[[ Dataset records, beginning ]]

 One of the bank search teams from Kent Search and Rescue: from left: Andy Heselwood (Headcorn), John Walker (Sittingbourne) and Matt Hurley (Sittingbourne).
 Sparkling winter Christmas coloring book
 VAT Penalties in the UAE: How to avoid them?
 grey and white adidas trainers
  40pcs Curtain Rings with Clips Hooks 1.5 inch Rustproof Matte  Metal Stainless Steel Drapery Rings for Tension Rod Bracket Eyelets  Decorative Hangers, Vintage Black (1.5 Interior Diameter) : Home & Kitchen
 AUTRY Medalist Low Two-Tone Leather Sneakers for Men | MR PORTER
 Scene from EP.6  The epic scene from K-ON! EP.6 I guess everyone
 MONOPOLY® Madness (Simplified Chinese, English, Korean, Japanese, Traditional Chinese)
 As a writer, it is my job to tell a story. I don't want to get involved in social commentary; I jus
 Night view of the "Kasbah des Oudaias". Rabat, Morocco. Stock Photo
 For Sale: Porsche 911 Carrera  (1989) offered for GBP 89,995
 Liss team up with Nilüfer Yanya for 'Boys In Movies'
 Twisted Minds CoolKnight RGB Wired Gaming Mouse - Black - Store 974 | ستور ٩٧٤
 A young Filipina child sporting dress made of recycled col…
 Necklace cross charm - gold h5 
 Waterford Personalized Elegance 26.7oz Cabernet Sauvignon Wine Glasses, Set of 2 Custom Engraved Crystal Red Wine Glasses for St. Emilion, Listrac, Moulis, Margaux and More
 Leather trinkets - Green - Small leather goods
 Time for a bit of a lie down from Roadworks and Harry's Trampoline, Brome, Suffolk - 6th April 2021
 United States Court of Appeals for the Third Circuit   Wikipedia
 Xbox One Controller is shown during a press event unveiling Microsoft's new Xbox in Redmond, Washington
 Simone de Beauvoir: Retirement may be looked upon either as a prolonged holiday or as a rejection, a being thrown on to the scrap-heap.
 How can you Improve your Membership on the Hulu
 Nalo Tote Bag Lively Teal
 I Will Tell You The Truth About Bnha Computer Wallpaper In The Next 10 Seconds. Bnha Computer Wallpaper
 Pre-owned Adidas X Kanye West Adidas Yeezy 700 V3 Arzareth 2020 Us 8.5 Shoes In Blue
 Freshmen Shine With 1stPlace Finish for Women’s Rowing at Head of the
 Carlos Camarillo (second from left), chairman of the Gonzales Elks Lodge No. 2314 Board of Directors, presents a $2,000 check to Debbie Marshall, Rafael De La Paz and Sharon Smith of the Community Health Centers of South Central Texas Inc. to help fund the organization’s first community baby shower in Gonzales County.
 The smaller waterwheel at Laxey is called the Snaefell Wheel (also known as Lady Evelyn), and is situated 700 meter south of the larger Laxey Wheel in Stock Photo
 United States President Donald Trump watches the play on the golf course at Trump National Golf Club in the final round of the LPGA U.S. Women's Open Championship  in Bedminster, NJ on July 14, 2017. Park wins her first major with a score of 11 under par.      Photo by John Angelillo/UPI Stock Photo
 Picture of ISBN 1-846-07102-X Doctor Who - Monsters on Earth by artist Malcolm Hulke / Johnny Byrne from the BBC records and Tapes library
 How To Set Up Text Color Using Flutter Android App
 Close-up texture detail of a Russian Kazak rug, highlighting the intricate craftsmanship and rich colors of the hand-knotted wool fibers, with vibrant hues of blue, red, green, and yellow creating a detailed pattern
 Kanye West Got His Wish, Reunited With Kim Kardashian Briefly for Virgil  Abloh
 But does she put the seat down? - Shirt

[[ Dataset records, end ]]

Exercise goal :: Starting at the top of the data above, repeat every line exactly until the line containing "Necklace cross charm - gold h5" has been given, then stop.

Result for this task ::
 One of the bank search teams from Kent Search and Rescue: from left: Andy Heselwood (Headcorn), John Walker (Sittingbourne) and Matt Hurley (Sittingbourne).
 Sparkling winter Christmas coloring book
 VAT Penalties in the UAE: How to avoid them?
 grey and white adidas trainers
  40pcs Curtain Rings with Clips Hooks 1.5 inch Rustproof Matte  Metal Stainless Steel Drapery Rings for Tension Rod Bracket Eyelets  Decorative Hangers, Vintage Black (1.5 Interior Diameter) : Home & Kitchen
 AUTRY Medalist Low Two-Tone Leather Sneakers for Men | MR PORTER
 Scene from EP.6  The epic scene from K-ON! EP.6 I guess everyone
 MONOPOLY® Madness (Simplified Chinese, English, Korean, Japanese, Traditional Chinese)
 As a writer, it is my job to tell a story. I don't want to get involved in social commentary; I jus
 Night view of the "Kasbah des Oudaias". Rabat, Morocco. Stock Photo
 For Sale: Porsche 911 Carrera  (1989) offered for GBP 89,995
 Liss team up with Nilüfer Yanya for 'Boys In Movies'
 Twisted Minds CoolKnight RGB Wired Gaming Mouse - Black - Store 974 | ستور ٩٧٤
 A young Filipina child sporting dress made of recycled col…
 Necklace cross charm - gold h5 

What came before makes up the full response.